Copy the final lines exactly, starting at the one that contains "Niebieski sweter męski" and ending with the last line of the listing below. Pictures are not part of the copy.

* INFORMATION PROVIDED
━━━━

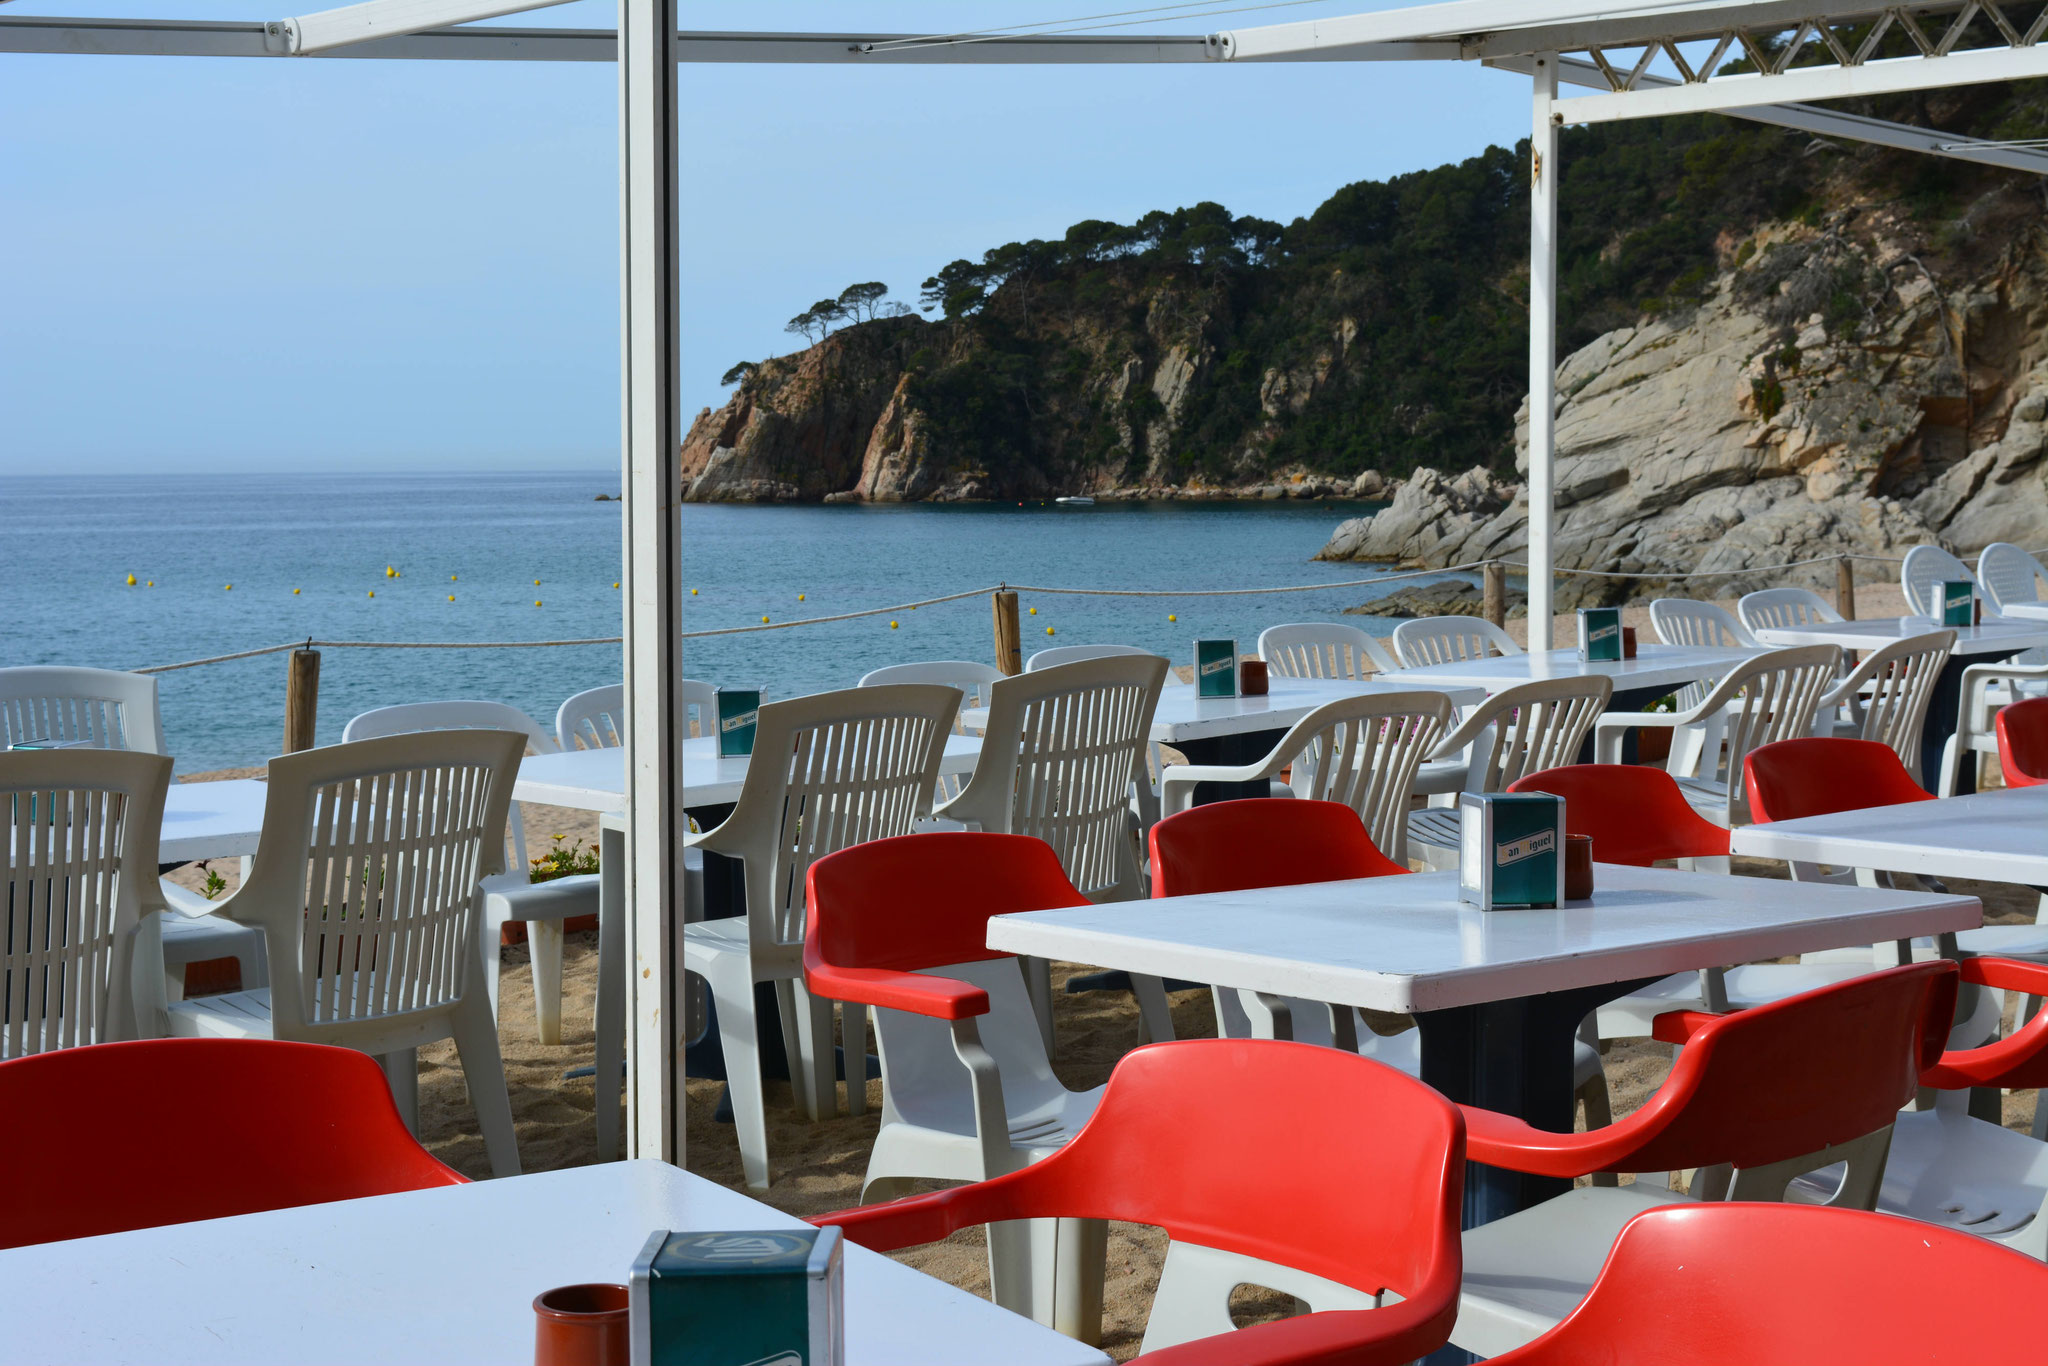 Bar, restaurant on the beach
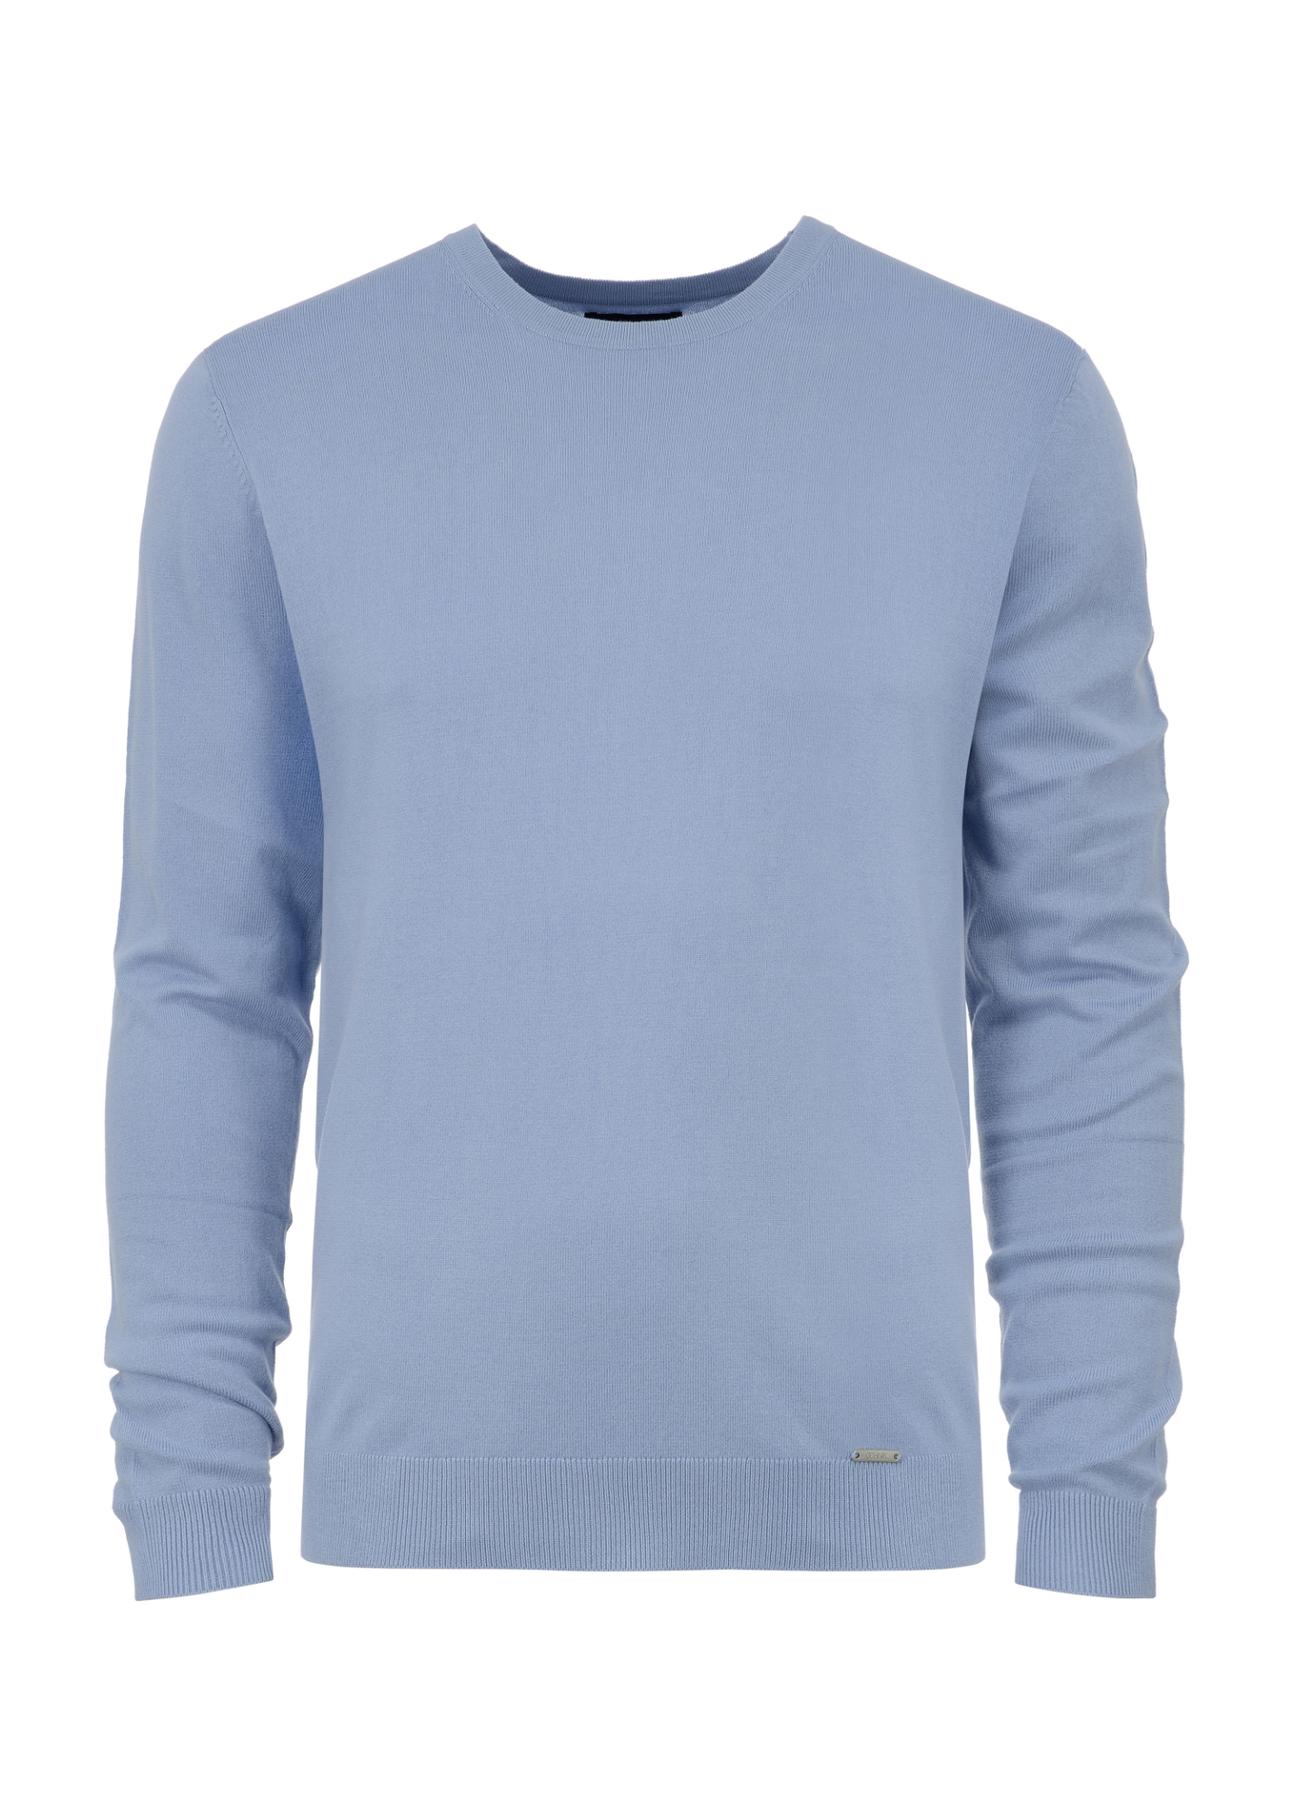 Niebieski sweter męski basic SWEMT-0127-61(W23)-04
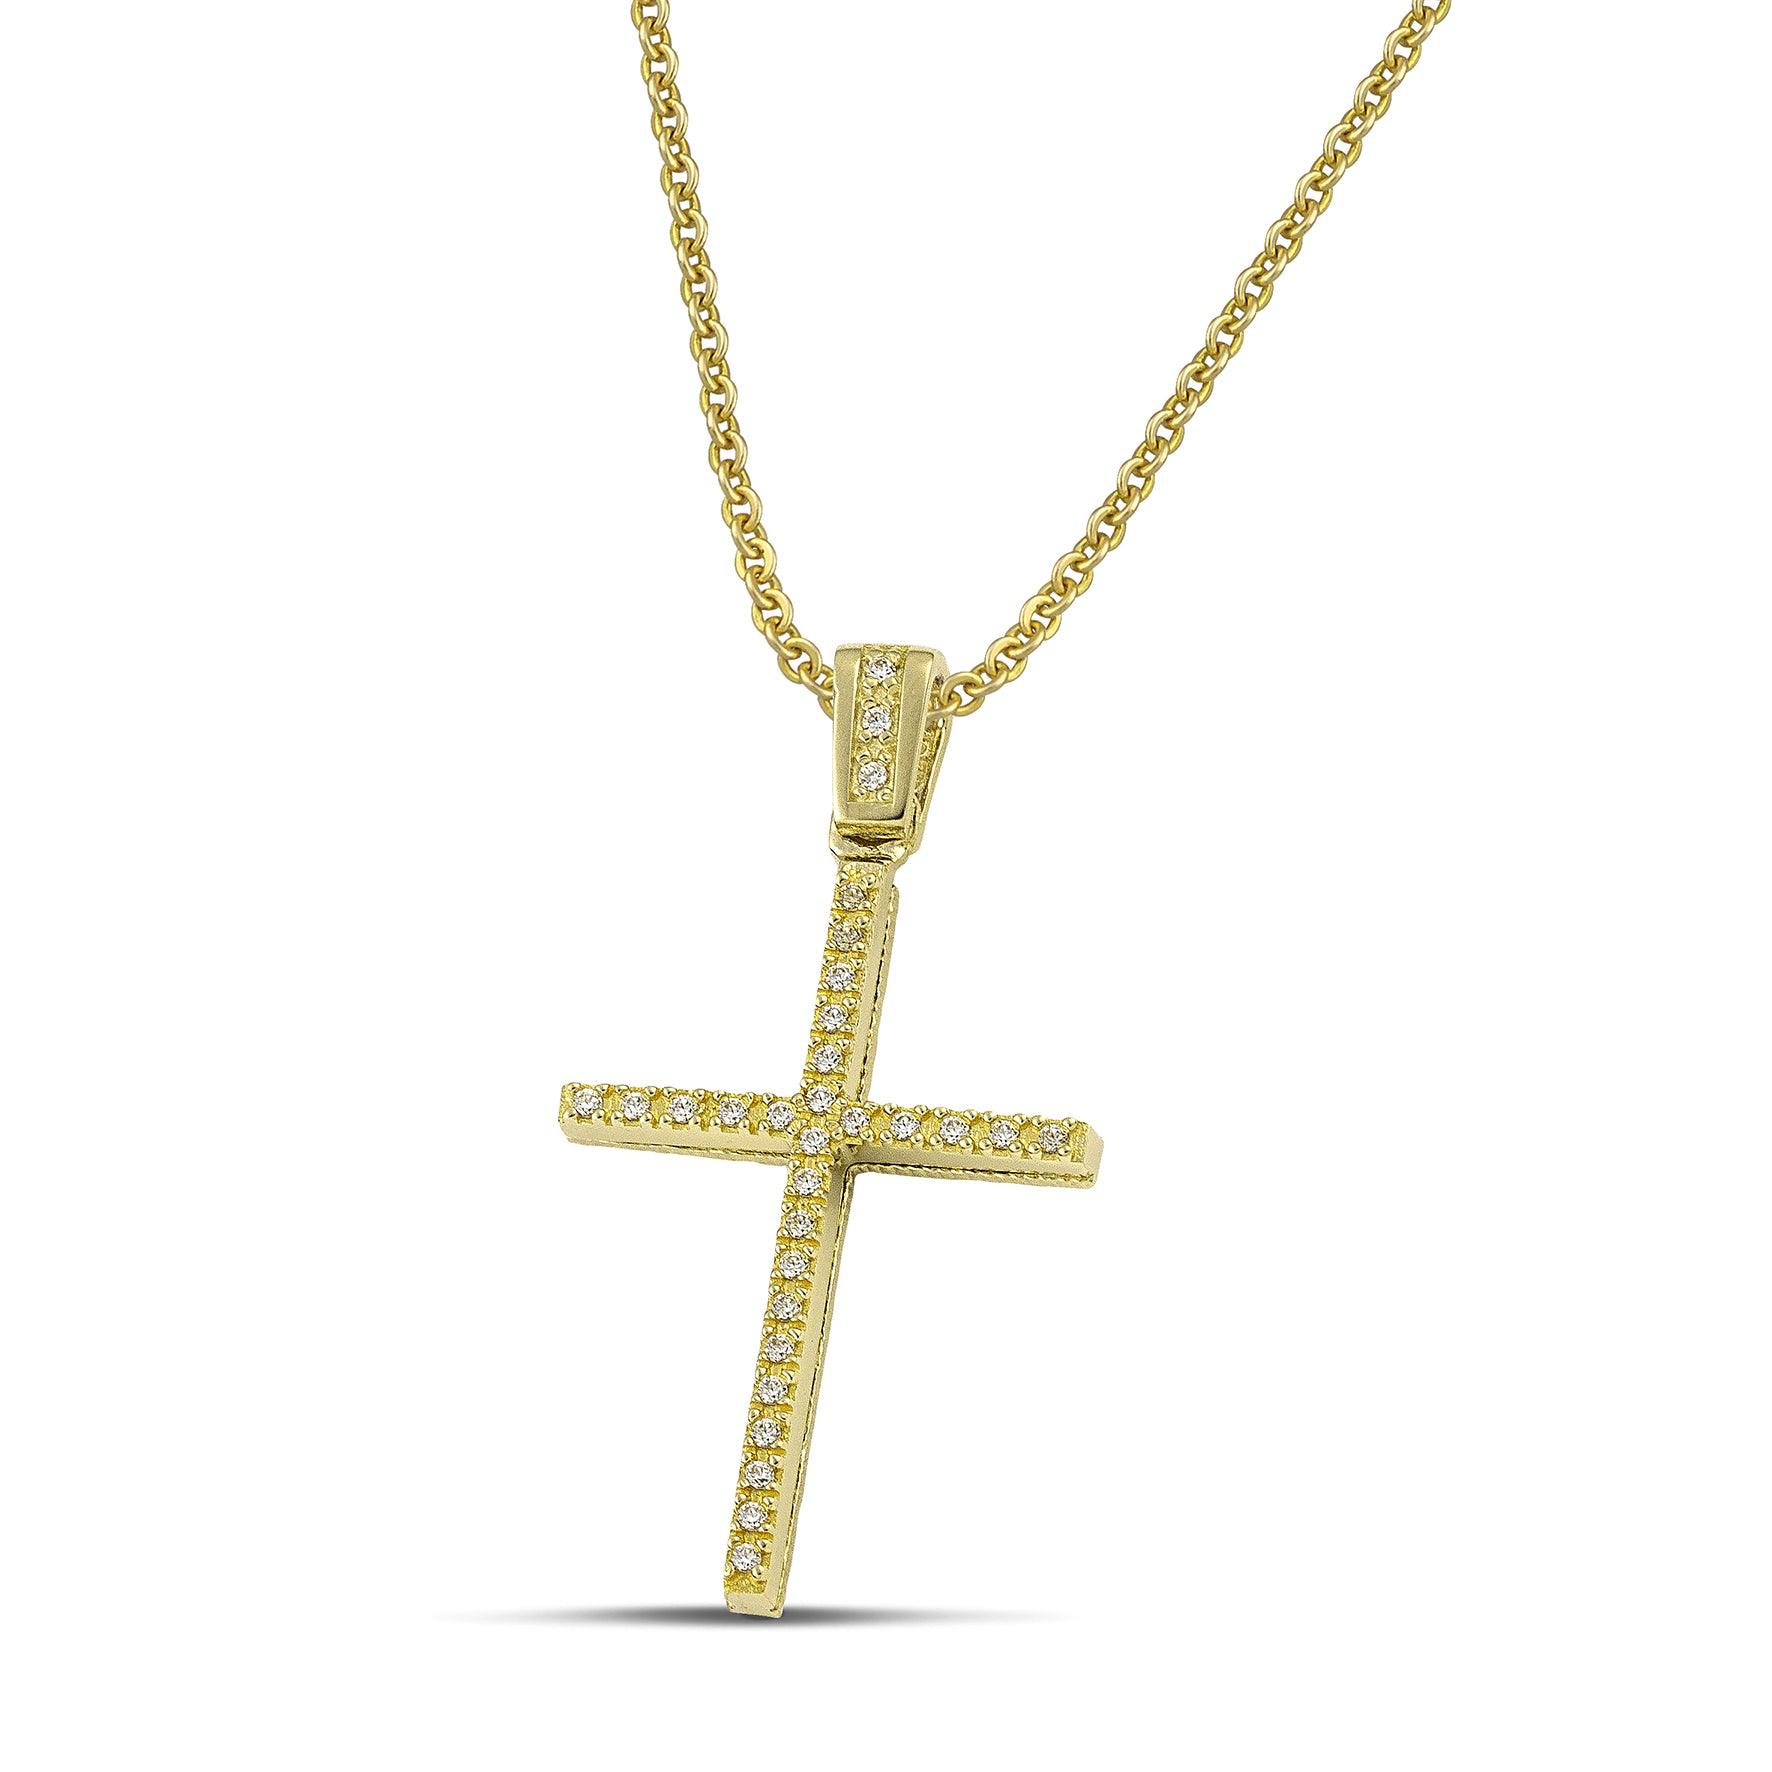 Γυναικείος χρυσός σταυρός για βάπτιση με ζιργκόν, με χρυσή αλυσίδα κρίκο κρίκο.

━━━━

* THE ANSWER
 Niebieski sweter męski basic SWEMT-0127-61(W23)-04
 Γυναικείος χρυσός σταυρός για βάπτιση με ζιργκόν, με χρυσή αλυσίδα κρίκο κρίκο.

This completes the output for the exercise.